Complete step by step solution:
The mean of a Binomial Distribution is given by, \[M = np\]
The variance of a Binomial Distribution is given by, \[V = npq\]
Substituting \[X = k\] in \[P(x) = {}^n{C_x}{(p)^x}{(q)^{n - x}}\] , we get
\[P(X = k) = {}^n{C_k}{(p)^k}{(q)^{n - k}}\] …………………………. (1)
Substituting \[X = k - 1\] in \[P(x) = {}^n{C_x}{(p)^x}{(q)^{n - x}}\], we have
\[P(X = k - 1) = {}^n{C_{k - 1}}{(p)^{k - 1}}{(q)^{n - k + 1}}\] …………………….. (2)
Dividing Equation (1) by Equation (2), we get
\[\dfrac{{P(X = k)}}{{P(X = k - 1)}} = \dfrac{{{}^n{C_k}{{(p)}^k}{{(q)}^{n - k}}}}{{{}^n{C_{k - 1}}{{(p)}^{k - 1}}{{(q)}^{n - k + 1}}}}\]

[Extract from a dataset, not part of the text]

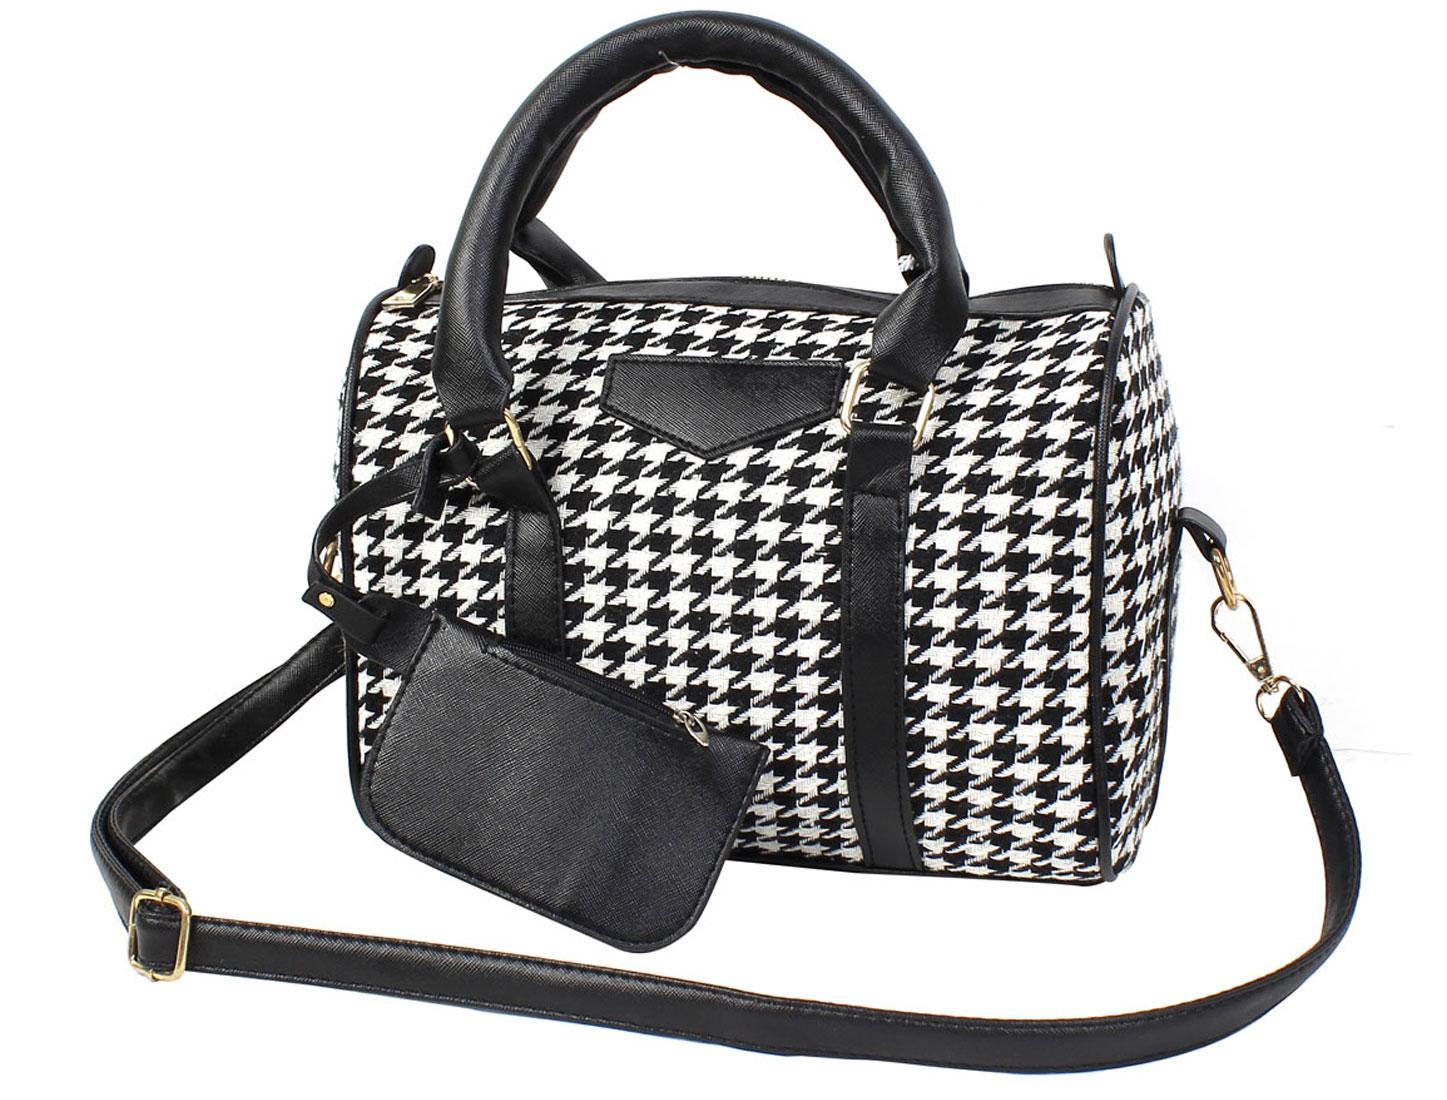 2015 New Woman Houndstooth Tote Messenger Crossbody Handbag Shoulder Bag

By using the formula \[{}^n{C_r} = \dfrac{{n!}}{{r!(n - r)!}}\] and substituting the values \[{}^n{C_k} = \dfrac{{n!}}{{k!(n - k)!}}\] and \[{}^n{C_{k - 1}} = \dfrac{{n!}}{{(k - 1)!(n - k + 1)!}}\] in the above equation, we get
\[ \Rightarrow \dfrac{{P(X = k)}}{{P(X = k - 1)}} = \dfrac{{\left( {\dfrac{{n!}}{{k!(n - k)!}}} \right){{(p)}^k}{{(q)}^{n - k}}}}{{\left( {\dfrac{{n!}}{{(k - 1)!(n - k + 1)!}}} \right){{(p)}^k}{{(q)}^{n - k + 1}}}}\]
Cancelling the similar terms both numerator and denominator, we have
\[ \Rightarrow \dfrac{{P(X = k)}}{{P(X = k - 1)}} = \dfrac{{(k - 1)!(n - k + 1)!{{(p)}^{k - k + 1}}{{(q)}^{n - k - n + k - 1}}}}{{k!(n - k)!}}\]
\[ \Rightarrow \dfrac{{P(X = k)}}{{P(X = k - 1)}} = \dfrac{{(k - 1)!(n - k + 1)!{{(p)}^{k - k + 1}}{{(q)}^{n - k - n + k - 1}}}}{{k!(n - k)!}}\]
\[ \Rightarrow \dfrac{{P(X = k)}}{{P(X = k - 1)}} = \dfrac{{(k - 1)!(n - k + 1)(n - k)!{{(p)}^{ + 1}}{{(q)}^{ - 1}}}}{{k(k - 1)!(n - k)!}}\]
Cancelling the similar terms from both the numerator and denominator, we have
\[ \Rightarrow \dfrac{{P(X = k)}}{{P(X = k - 1)}} = \dfrac{{(n - k + 1)}}{k} \cdot \dfrac{p}{q}\]

Therefore, \[\dfrac{{P(X = k)}}{{P(X = k - 1)}}\]is \[\dfrac{{(n - k + 1)}}{k} \cdot \dfrac{p}{q}\].

Note:
We should be clear about the probability of Binomial distribution. Before getting clear about the Binomial distribution, we should be clear about the concept of factorial. A factorial is a function that multiplies a number by every number below it. For example \[4! = 4 \times 3!\]. There are three different criteria of binomial distributions which should be fulfilled. The number of the trial or the experiment must be fixed. As you can only figure out the probable chance of occurrence of success in a trail you should have a finite number of trials. Every trial is independent. None of your trials should affect the possibility of the next trial. The probability always stays the same and equal. The probability of success may be equal for more than one trial.